Problem to work on
All of the data below should come back exactly as written, minus its images.

━━ Dataset excerpt ━━

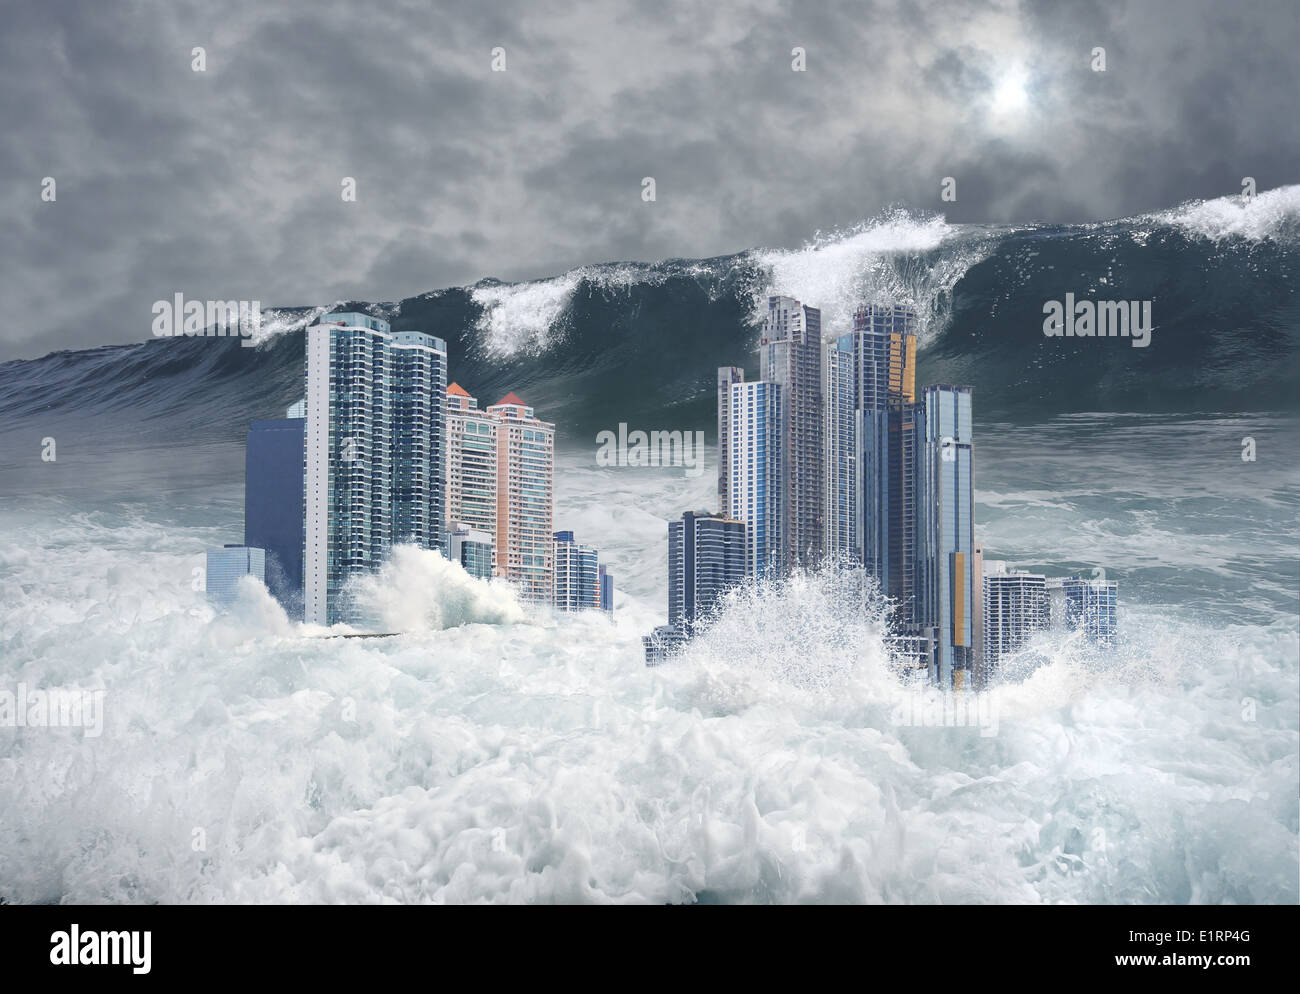 Scena apocalittica di moderni grattacieli della città sommersa dal tsunami con un gigante di seconda ondata proveniente Foto Stock
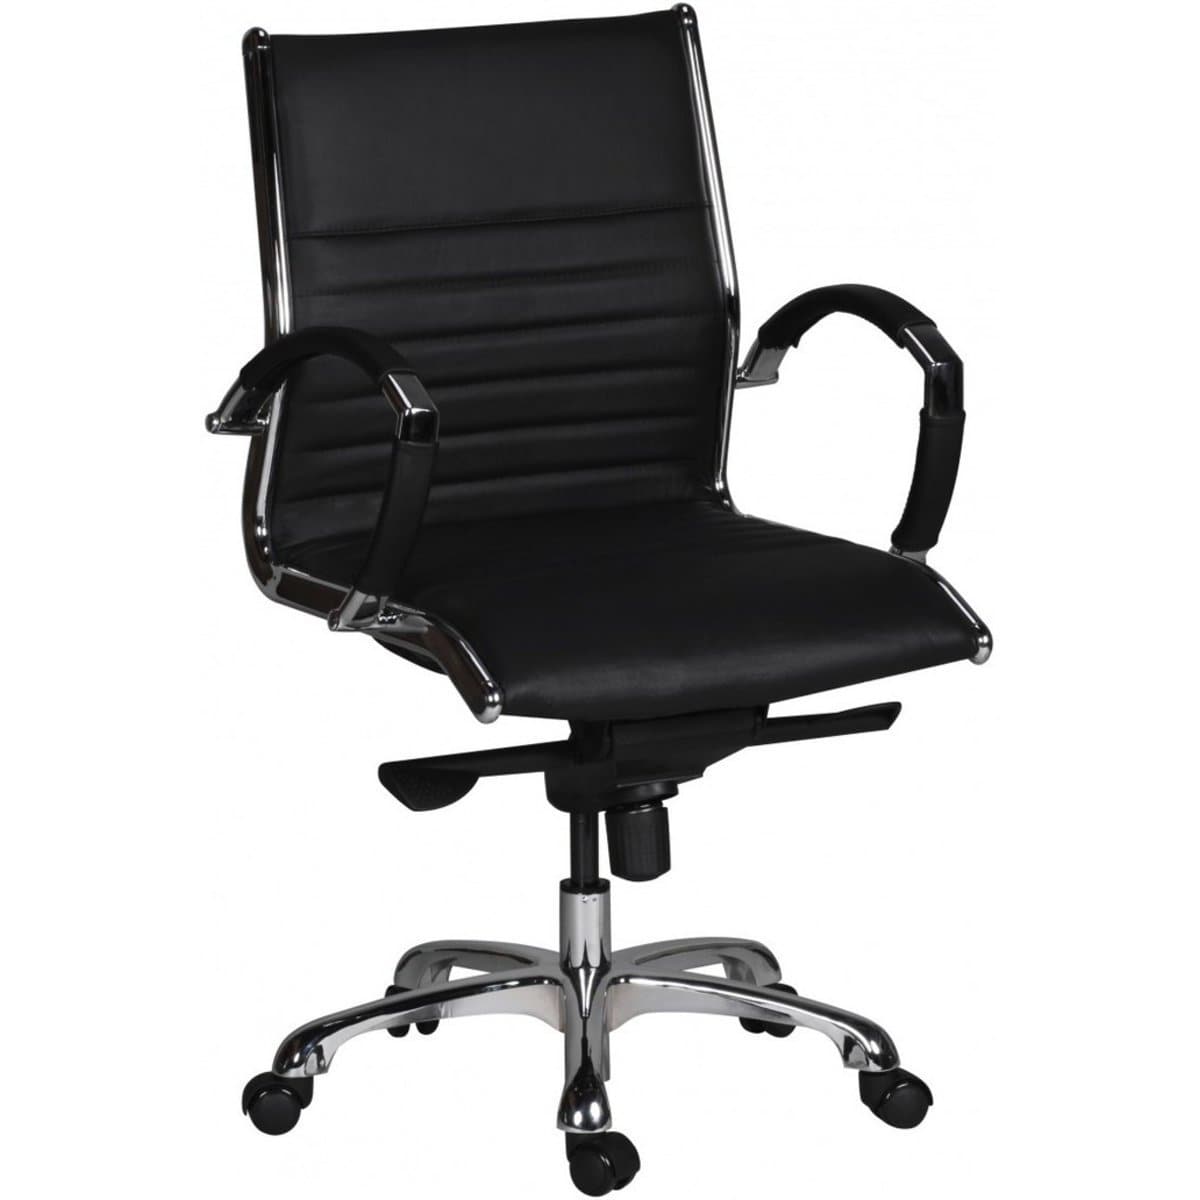 Chaise de bureau Nancy's Bronx en cuir - Chaise de bureau ergonomique - Chaises de bureau pour adultes - Aluminium - Cuir
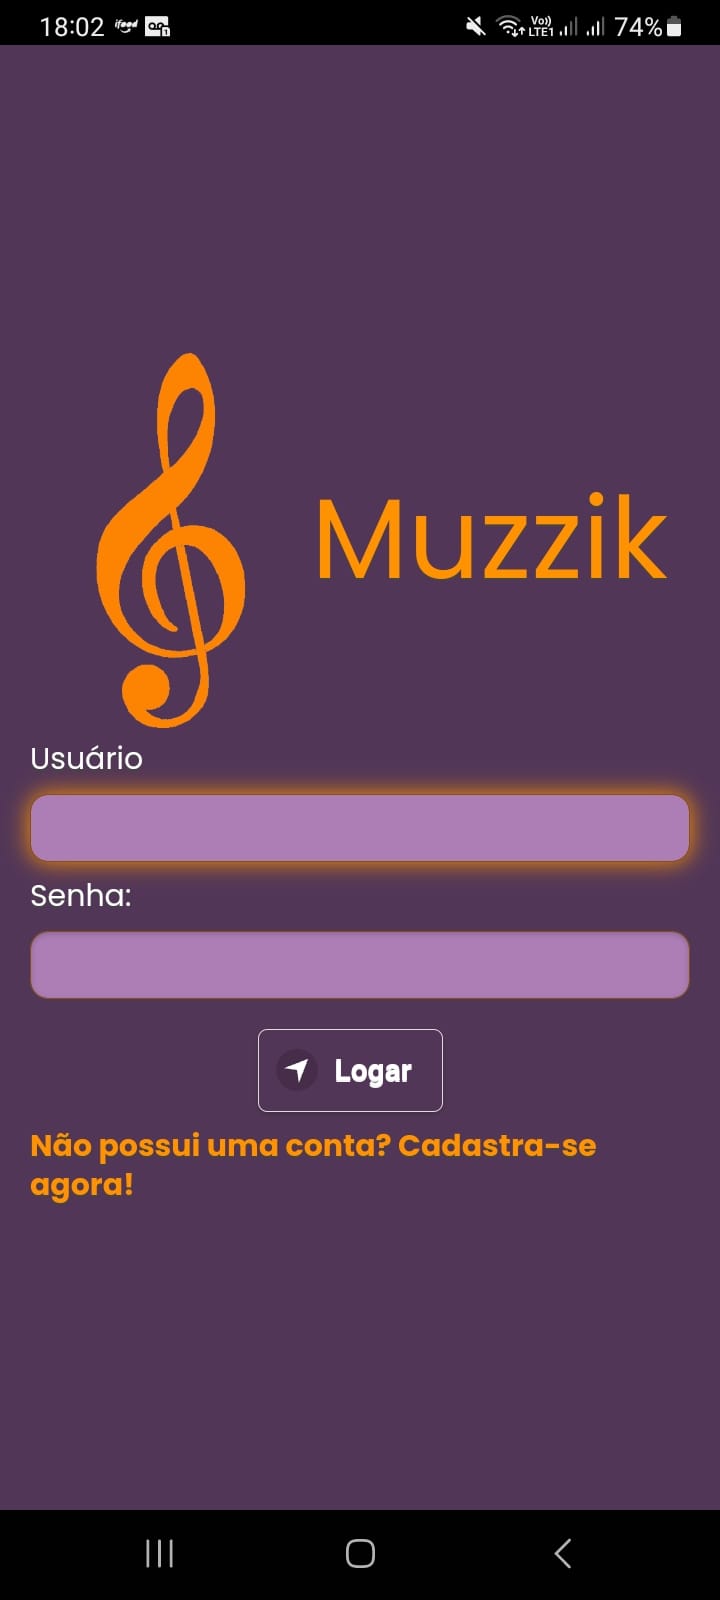 Imagem inicial do Projeto Muzzik, mostrando a tela de login

━━━

Exercise solution
 Scena apocalittica di moderni grattacieli della città sommersa dal tsunami con un gigante di seconda ondata proveniente Foto Stock
 Chaise de bureau Nancy's Bronx en cuir - Chaise de bureau ergonomique - Chaises de bureau pour adultes - Aluminium - Cuir
 Imagem inicial do Projeto Muzzik, mostrando a tela de login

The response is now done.